Ricky Martin is trying to carve out a new vocation as modern day "hero." The hip-swaying, loca-living superstar is lending his fame to the anti-trafficking movement by appearing in ads designed to educate the public to the horrors of modern-day slavery.

Martin is rightfully disturbed that 27 million people are currently enslaved in forced labor and sex related industries. Close to 80 percent of trafficked victims are female and 50 percent are children. He probably heard testimonies of young girls who are kidnapped or coerced into brothels, robbed of all their rights, and forced to service men, sometimes 15 to 20 times a day.

"Human trafficking is one of the cruelest and craziest problems in the world today," Martin said. Preach it, brother.

But as I reflected on the goodwill of the former Menudo heartthrob, I filed through my mental Ricky Martin file cabinet, trying to recall his exploits prior to his new work as humanitarian. There was his music video from the groundbreaking release "Livin" La Vida Loca." Martin depicted the "crazy life" as an existence of wild dancing and even wilder bedroom activity. I vaguely recall a scene involving hot wax, candles, and a young woman who could have been exaggeratingly referred to as "half-dressed." I realized that every hazy recollection of Martin involved sex, lust, or some kind of heart-pounding, dance-related promiscuity.

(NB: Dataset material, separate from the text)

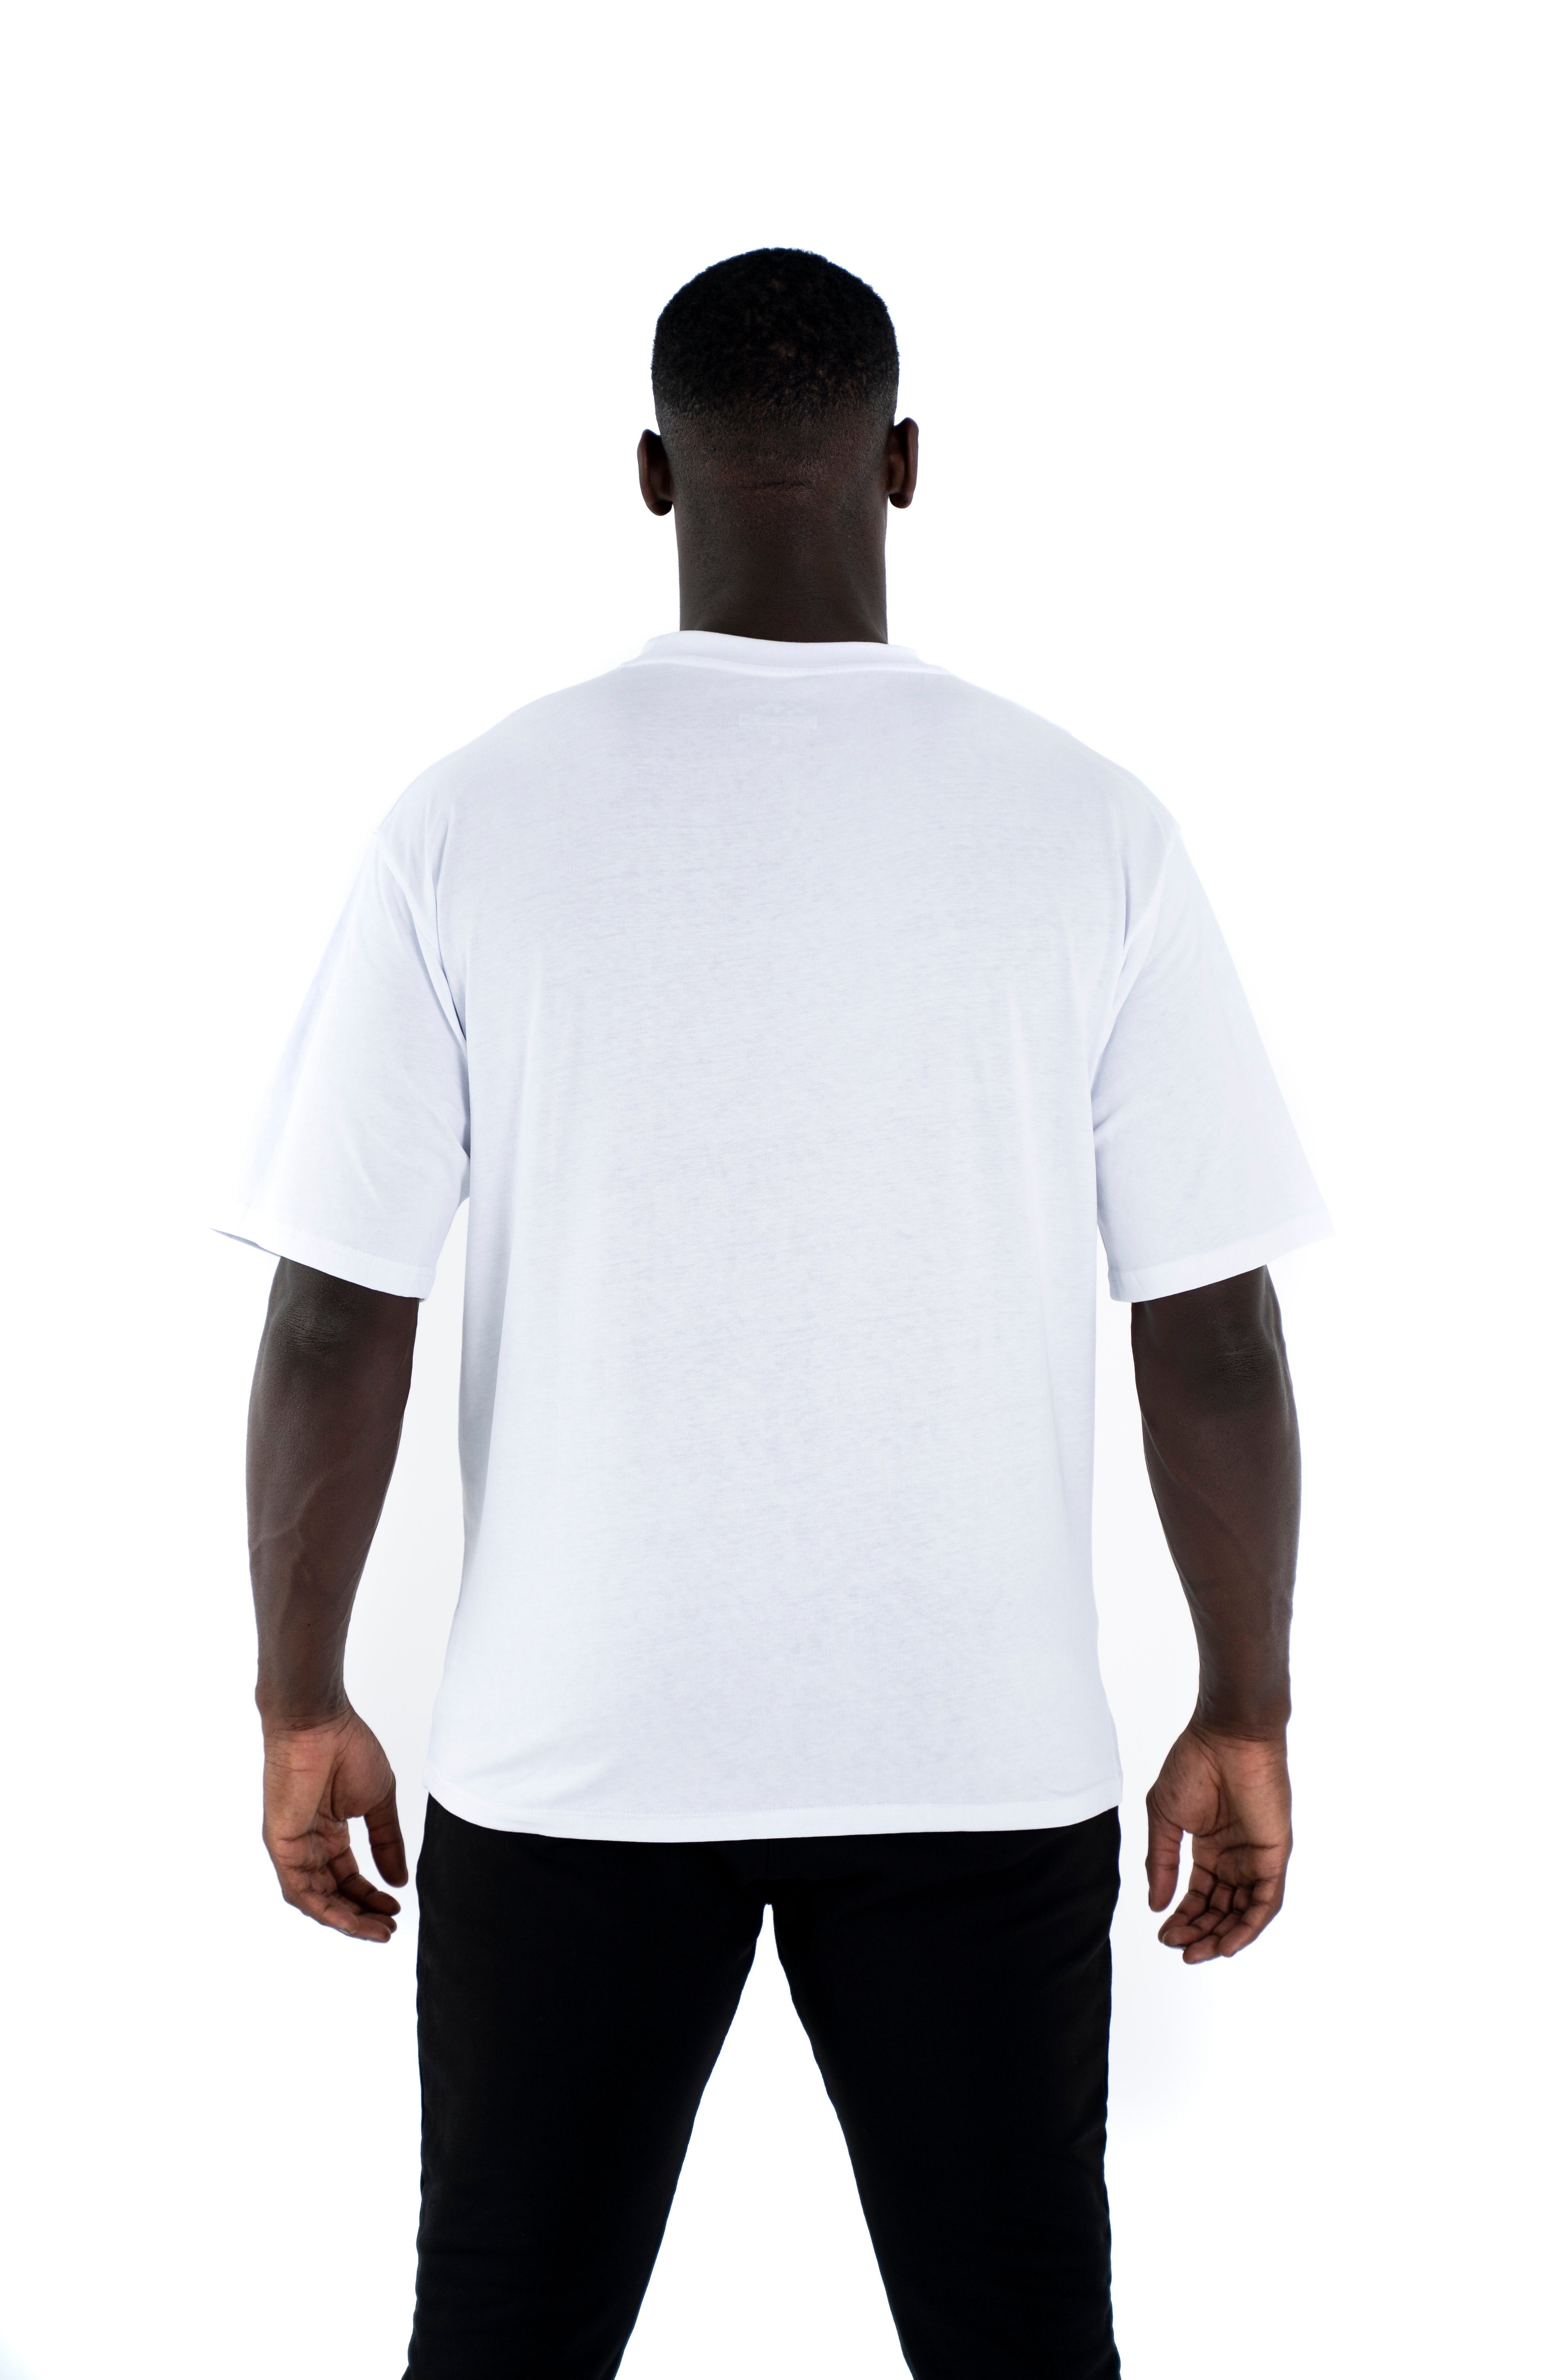 Universum Sportwear T-Shirt Rundhalsausschnitt, T-Shirt Modern Baumwoll Shirt, Cotton Weiß 100% Oversize C-Neck

This guy has been peddling sex! He's made his fortune on a kind of R-rated, MTV-sanitized pornography.

I DOUBT MARTIN sees any connection between his career as international sex symbol and the fact that the modern world is as overheated as the Roman Empire on a rowdy night. After all, he is overshadowed by a North American industry that produces truckloads of pornography for domestic shelves and international distribution, blanketing the globe with increasingly raunchy sex acts.

It is clear that international sex trafficking is a complex and dark world, created by a number of nuanced forces. But at the very center of the industry is the basic law of supply and demand. All over the world there are men who want sex on demand, who want young girls. Many of them want what they've been conditioned to want by pop culture, media, and marketing--namely, waif-like women, scantily clad and ready to "serve."

Ricky Martin deserves praise for his efforts to educate and mobilize a public prone to apathy. He is undoubtedly paving the way for other celebrities to use their immense resources in the fight against trafficking. But I think Martin--and others like him--should think long and hard about mixed messages.

When he shakes the hand of a young girl freed from sex slavery and smiles for the publicity shot, he should remember the lyrics from his new song, "This Is Good": "I got your salt skin dripping on the tip of my tongue/ ... We're here tonight and it's so criminal wicked, dirty, sticky let's touch." And then the chorus: "... Come walk with me into the night/Feel me inside your body tonight."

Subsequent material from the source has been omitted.